Do the two samples yield different results when testing \(H_0 \colon \beta_1 = 0\)? Well, we obtain the following output when the red data point is included:

Model Summary

S	R-sq	R-sq(adj)	R-sq(pred)
10.4459	55.19%	52.84%	19.11%

Model Summary

Term	Coef	SE Coef	T-Value	P-Value	VIF
Constant	8.50	4.22	2.01	0.058
x	3.320	0.686	4.484	0.000	1.00

Regression Equation

\(\widehat{y} = 8.50 + 3.320 x\)

and the following output when the red data point is excluded:

Model Summary

S	R-sq	R-sq(adj)	R-sq(pred)
2.59199	97.32%	97.17%	96.63%

Model Summary

Term	Coef	SE Coef	T-Value	P-Value	VIF
Constant	1.73	1.12	1.55	0.140
x	5.117	0.200	25.55	0.000	1.00

Regression Equation

\(\widehat{y} = 1.73 + 5.117 x\)

What impact does the red data point have on our regression analysis here? In summary:

The \(R^{2}\) value has decreased substantially from 97.32% to 55.19%. If we include the red data point, we conclude that the relationship between y and x is only moderately strong, whereas if we exclude the red data point, we conclude that the relationship between y and x is very strong.
The standard error of \(b_1\) is almost 3.5 times larger when the red data point is included — increasing from 0.200 to 0.686. This increase would have a substantial effect on the width of our confidence interval for \(\beta_1\). Again, the increase is because the red data point is an outlier — in the y direction.
In each case, the P-value for testing \(H_0 \colon \beta_1 = 0\) is less than 0.001. In both cases, we can conclude that there is sufficient evidence at the 0.05 level to conclude that, in the population, x is related to y. Note, however, that the t-statistic decreases dramatically from 25.55 to 4.84 upon inclusion of the red data point.

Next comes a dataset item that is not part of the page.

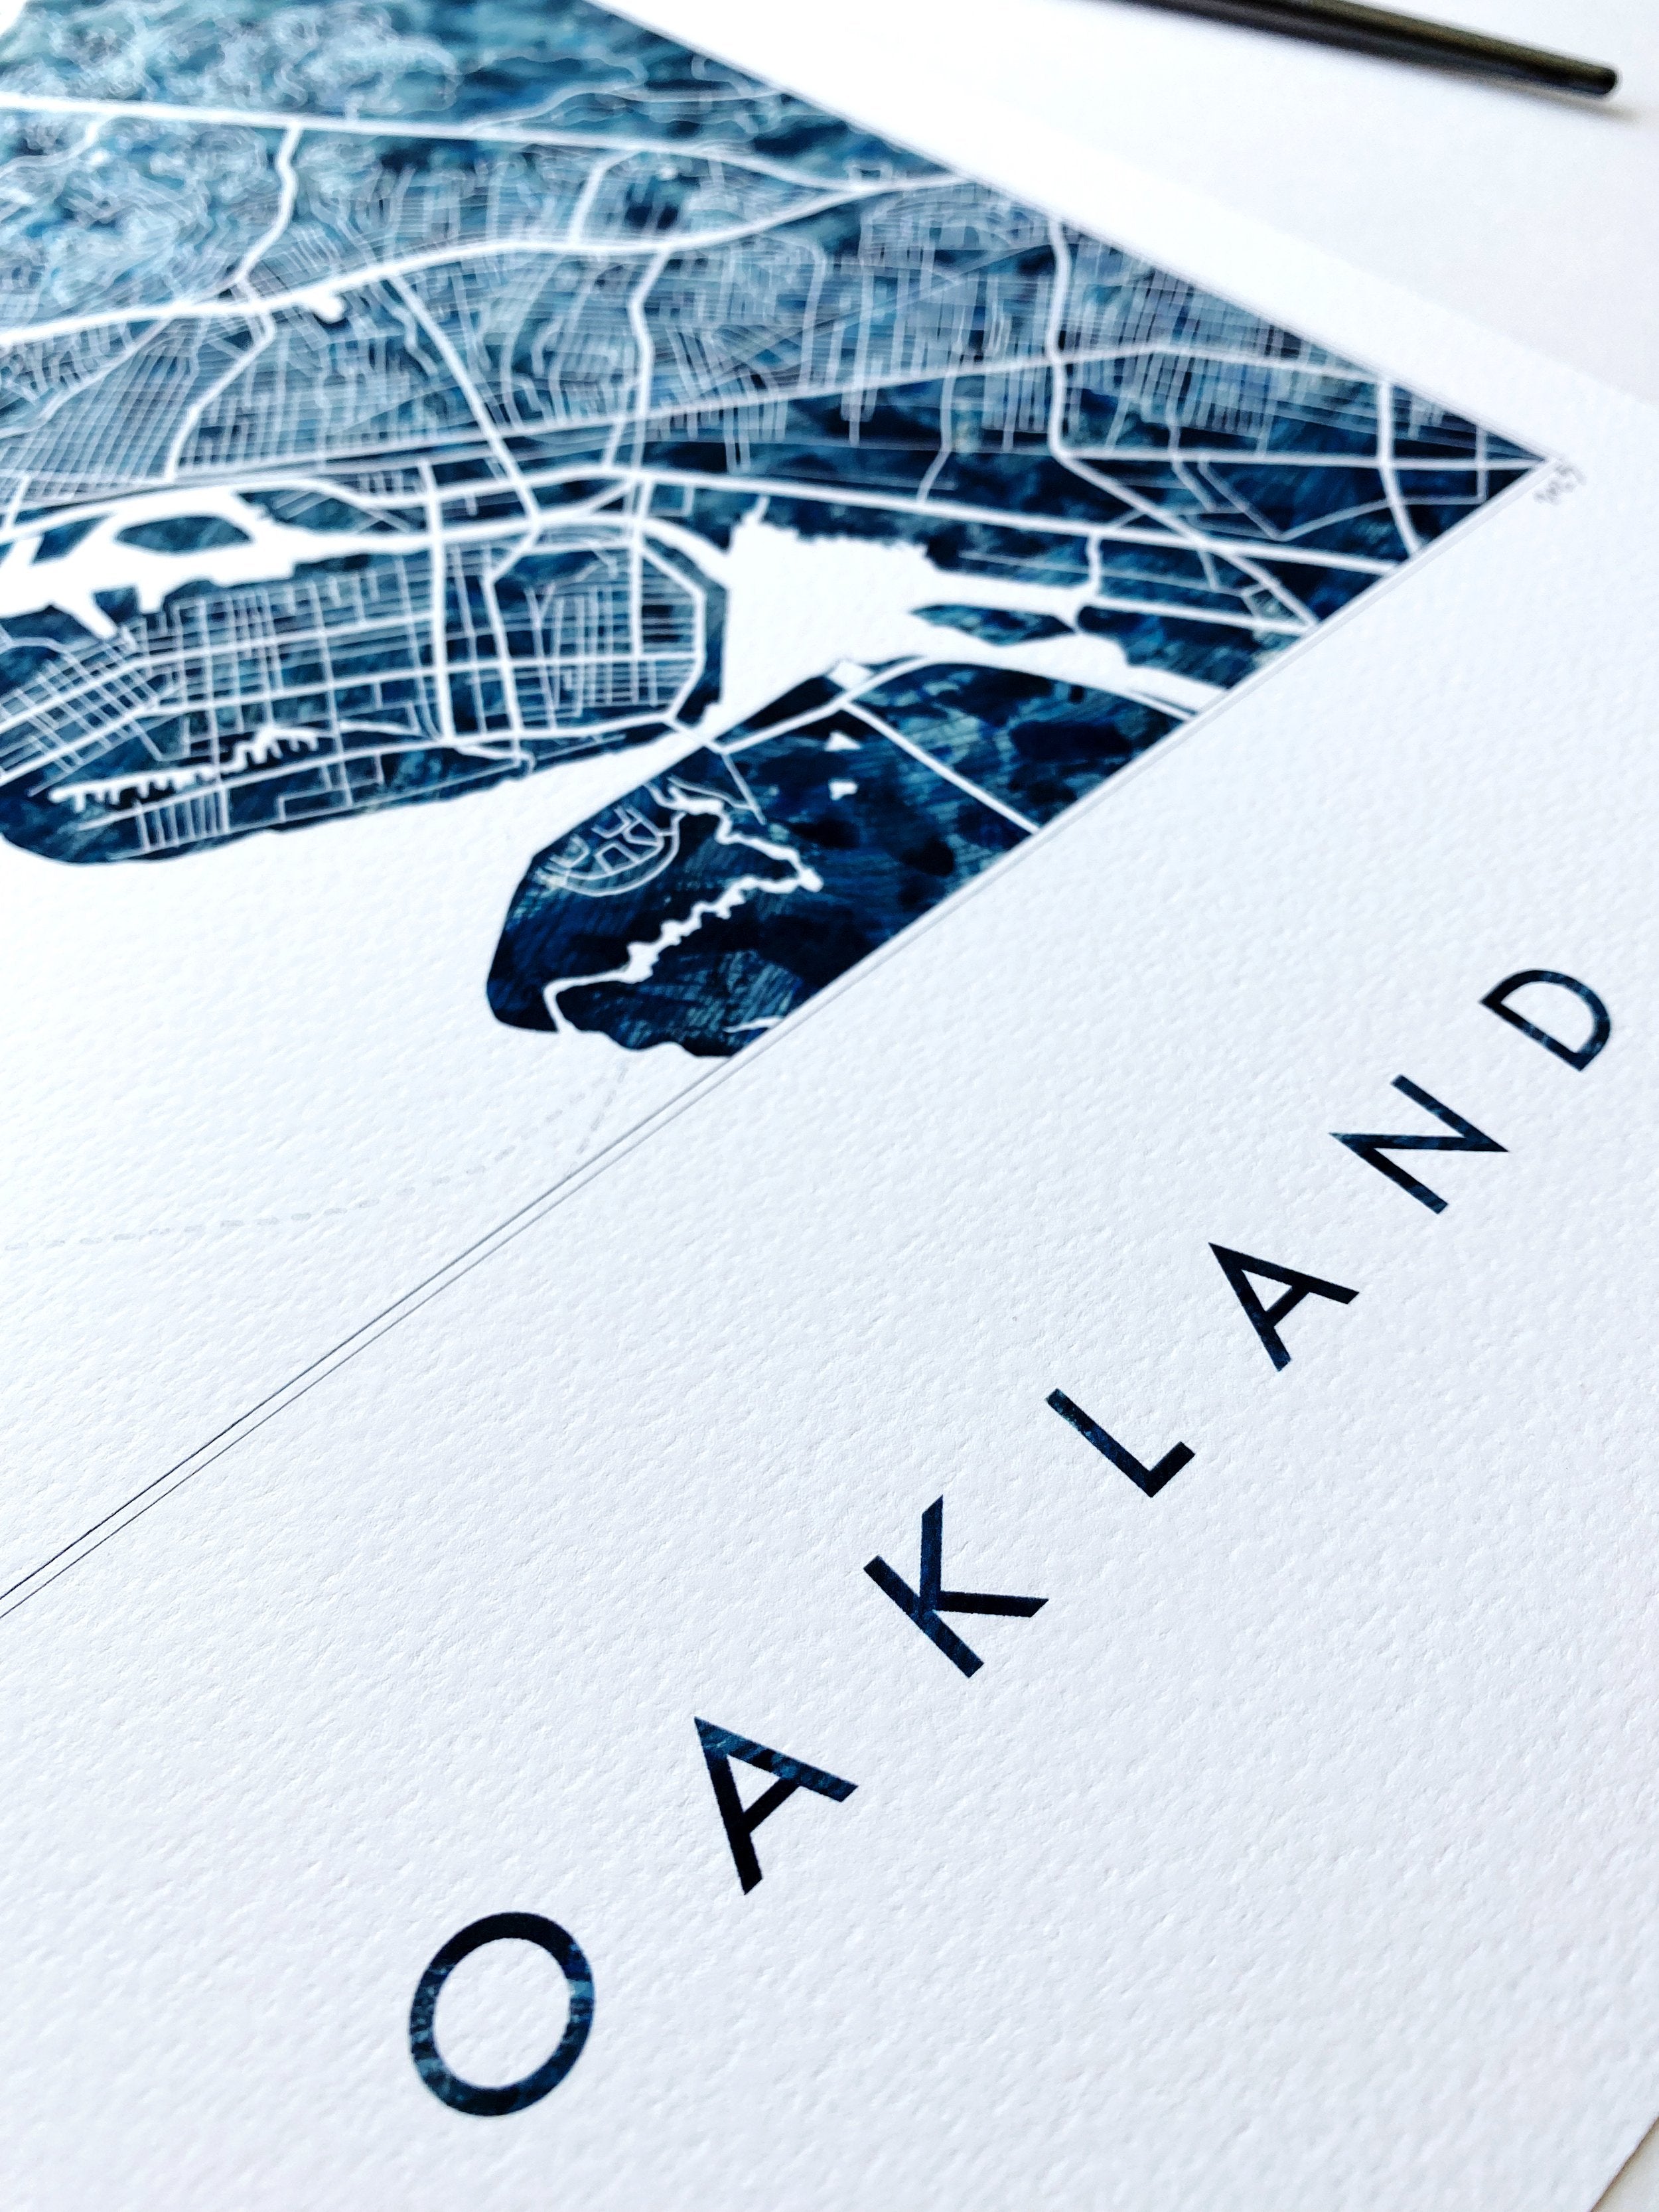 OAKLAND, California Urban Fabrics City Map: PRINT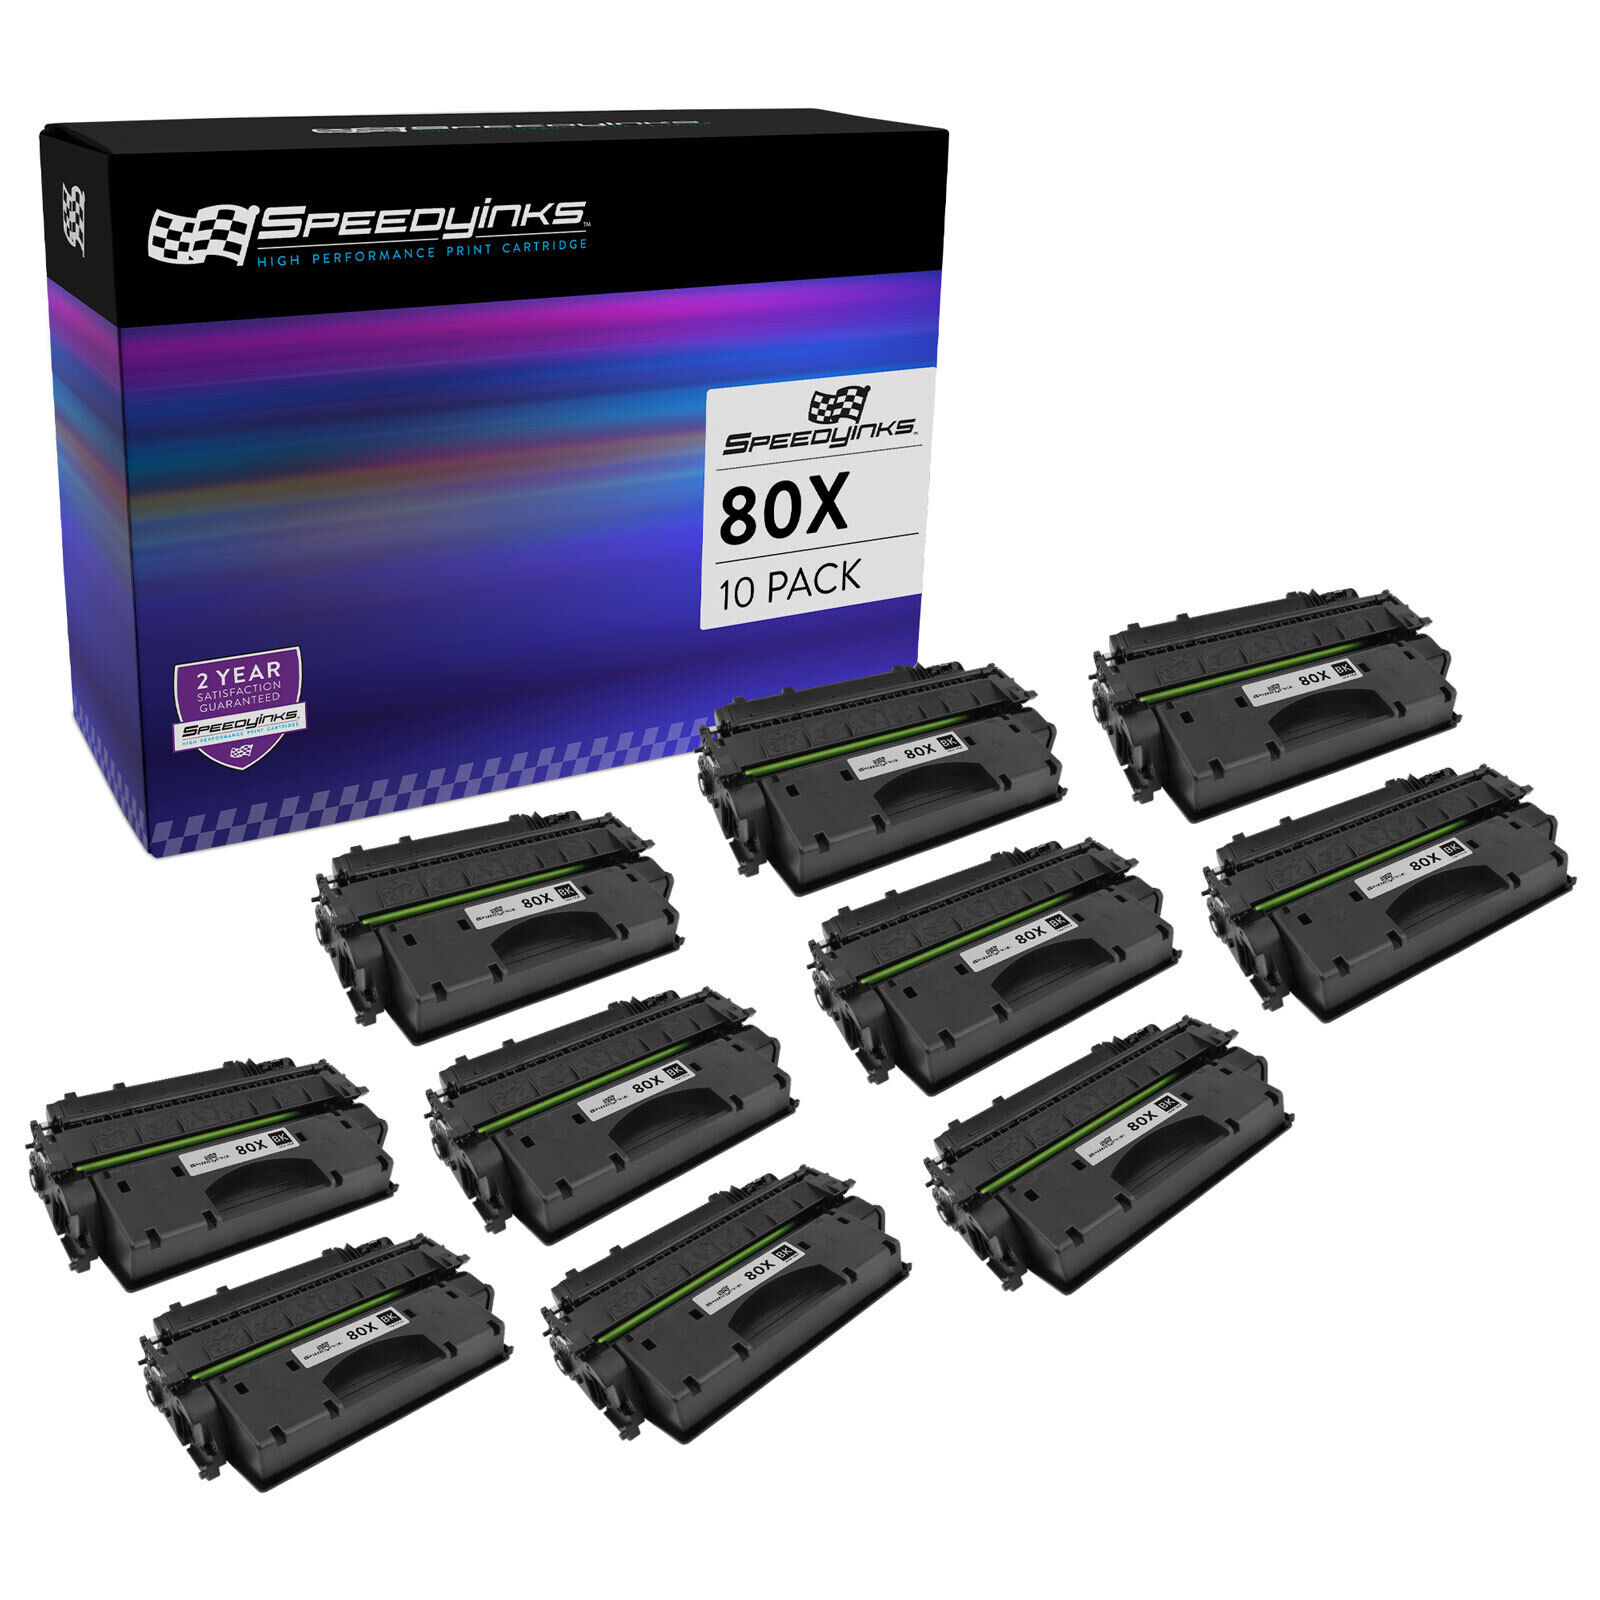 SPEEDYINKS Replacement HP 80X Toner Cartridge CF280X High Yield (Black, 10-Pack)

Here, the predicted responses and estimated slope coefficients are clearly affected by the presence of the red data point. While the data point did not affect the significance of the hypothesis test, the t-statistic did change dramatically. In this case, the red data point is deemed both high leverage and an outlier, and it turned out to be influential too.

Summary

The above examples — through the use of simple plots — have highlighted the distinction between outliers and high-leverage data points. There were outliers in examples 2 and 4. There were high-leverage data points in examples 3 and 4. However, only in example 4 did the data point that was both an outlier and a high leverage point turn out to be influential. That is, not every outlier or high-leverage data point strongly influences the regression analysis. It is your job as a regression analyst to always determine if your regression analysis is unduly influenced by one or more data points.

Of course, the easy situation occurs for simple linear regression, when we can rely on simple scatter plots to elucidate matters. Unfortunately, we don't have that luxury in the case of multiple linear regression. In that situation, we have to rely on various measures to help us determine whether a data point is an outlier, high leverage, or both. Once we've identified such points we then need to see if the points are actually influential. We'll learn how to do all this in the next few sections!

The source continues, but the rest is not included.